Filed under: money — Tags: , , — DoctorBusiness @ 7:48 am

NEW YORK — If you were planning on buying a house or refinancing to take advantage of record low mortgage rates: Think again.

Mortgage rates at some lenders spiked by as much as 1 percent Wednesday and saw little relief on Thursday, according to mortgage brokers. April’s record lows in mortgage rates may have come and gone.

That’s a big downer for people like Roger Wald, who recently discovered he would save $25,000 a year if he refinanced his five-year mortgage at 4.75 percent. Wald, an auto body repairman in Sarasota, Fla., could have gotten that rate last month.

But like many homeowners, he waited for rates to fall further. Now, he’s worried he missed his chance.

"The 4.75 percent my broker quoted two weeks ago? There’s no way I’m going to get that now," said Wald, 49.

Of bigger concern is the effect rising mortgage rates could have on the nascent economic recovery. The stock market has rallied since early March on the assumption the recession will end this year. Federal Reserve Chairman Ben Bernanke has been calling early signs of economic stabilization "green shoots" — and one of those shoots was a pickup in refinancing activity caused by tumbling mortgage rates.

But mortgage rates have rebounded sharply over the past few days as the nation’s growing debt raises concerns that government-backed assets could lose some of their value.

Loan officer Dan Green has been around the mortgage business for six years, but he can’t remember watching a move in interest rates like the spike that took place on Wednesday.

In the space of 90 minutes, he said, rates on a 30-year fixed mortgage jumped about five-eighths of a point, hiking the annual cost of a $300,000 loan by more than $1,000.

"So far, the reaction has been immediate," said Green, a Cincinnati-based agent for Chicago’s Mobium Mortgage Group Inc. "I had people who had refi options Tuesday morning that didn’t have them on Wednesday."
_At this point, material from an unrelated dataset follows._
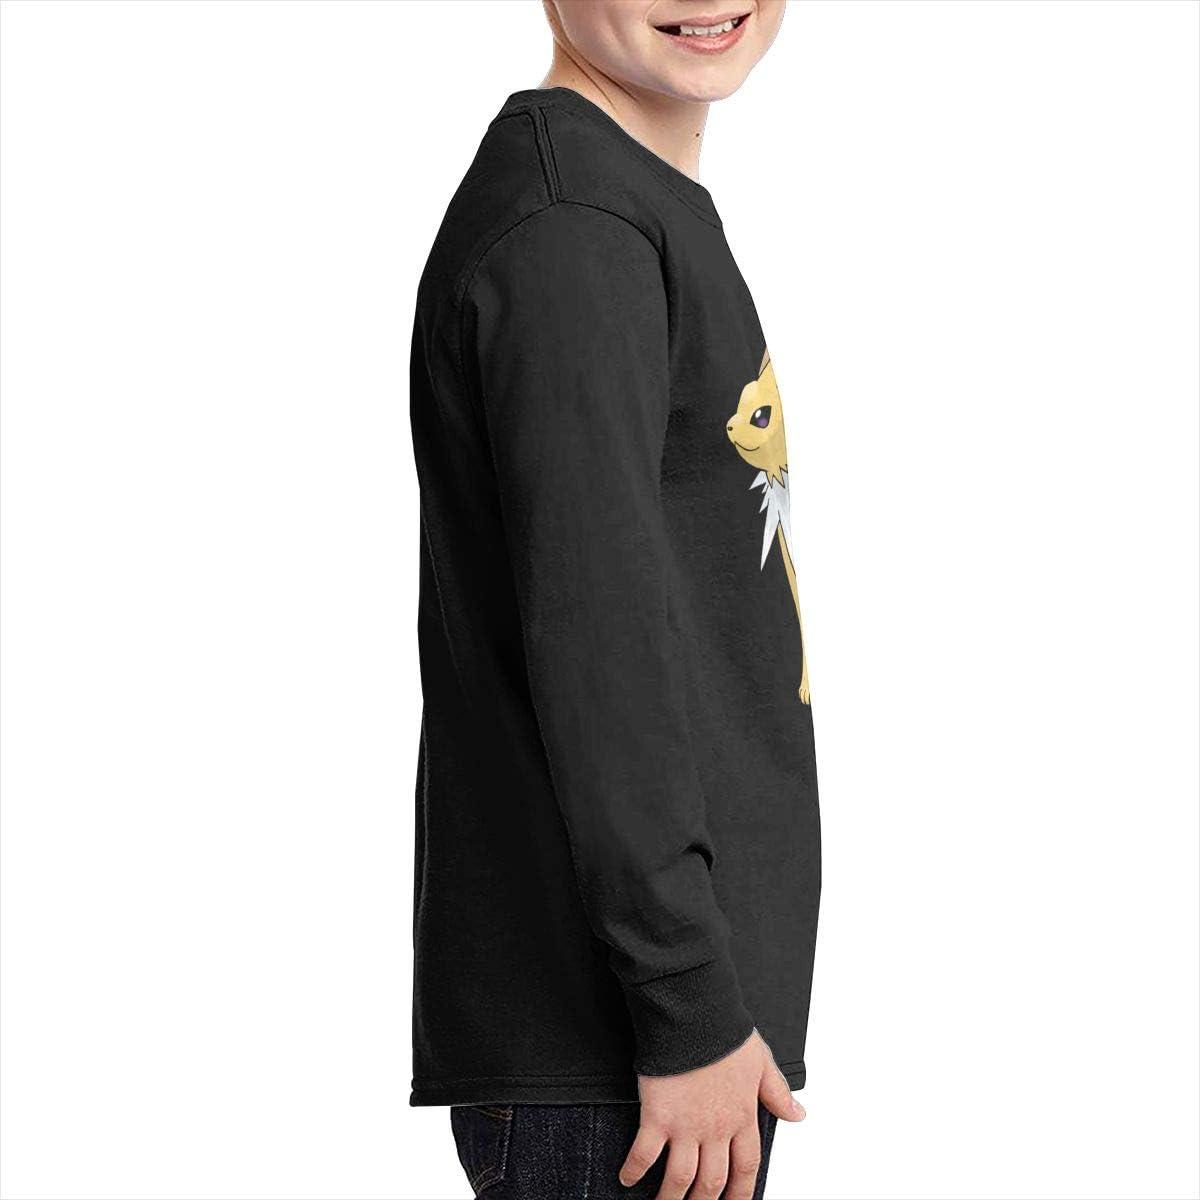 Hongansheng Trading Jolteon Cotton Leisure and Comfort Crew Neck Long Sleeve Graphic T-Shirt for Boys Girls

It’s a trend that could slow both refinancing and home buying if it continues, threatening the larger economy. Home sales generally generate jobs tied to construction and manufacturing of household items, such as furniture and appliances. And if existing homeowners refinance, it could free up more cash to be used for consumer purchases payday loans.

Analysts say higher mortgage rates won’t necessarily derail the economy’s recovery, but it certainly won’t help.

"If the Fed does not step in, you are going to see the ‘green shoots’ get frost bite," said T.J. Marta, founder of financial research firm Marta on the Markets.

The average rate for a 30-year fixed mortgage is back at 4.91 percent this week, up from 4.82 percent last week, Freddie Mac said Thursday.

The 30-year fixed mortgage rate hit a record low of 4.78 percent in April thanks in large part to the Fed’s decision this year to buy as much as $1.25 trillion in mortgage securities and $300 billion in Treasury notes.

Lower rates led to a surge in mortgage applications. Applications rose for five straight weeks between early March and early April, according to the Mortgage Bankers Association. And sales of both existing and new homes ticked higher from March to April.

The Fed’s moves, however, have recently lost their effectiveness in the market. The yields on the 10-year and 30-year Treasury notes have surged to a six-month high and are nearly where they were a year ago. That’s significant because Treasury yields, or their annual rates of return, help set mortgage rates.

Mortgage activity is already starting to decline. Mortgage applications tumbled 14 percent in the week ended May 22 from the previous week, the Mortgage Bankers Association said Wednesday. Applications to refinance a loan were down almost 19 percent.

The Fed has many tools to bring rates down again. It could increase how much it intends to spend on Treasury purchases or mortgage-backed securities. It could also decide to simply buy longer-dated Treasurys, said David Ader, government bond strategist at RBS Greenwich Capital. Recently, the Fed has been focusing on buying shorter-term government debt.

But if the Fed buys more Treasurys, some investors worry the central bank’s moves could have unintended consequences. That’s because when the Fed buys the debt that the government issues, it is essentially creating money. And that can cause inflation and weaken the value of the dollar against other major currencies.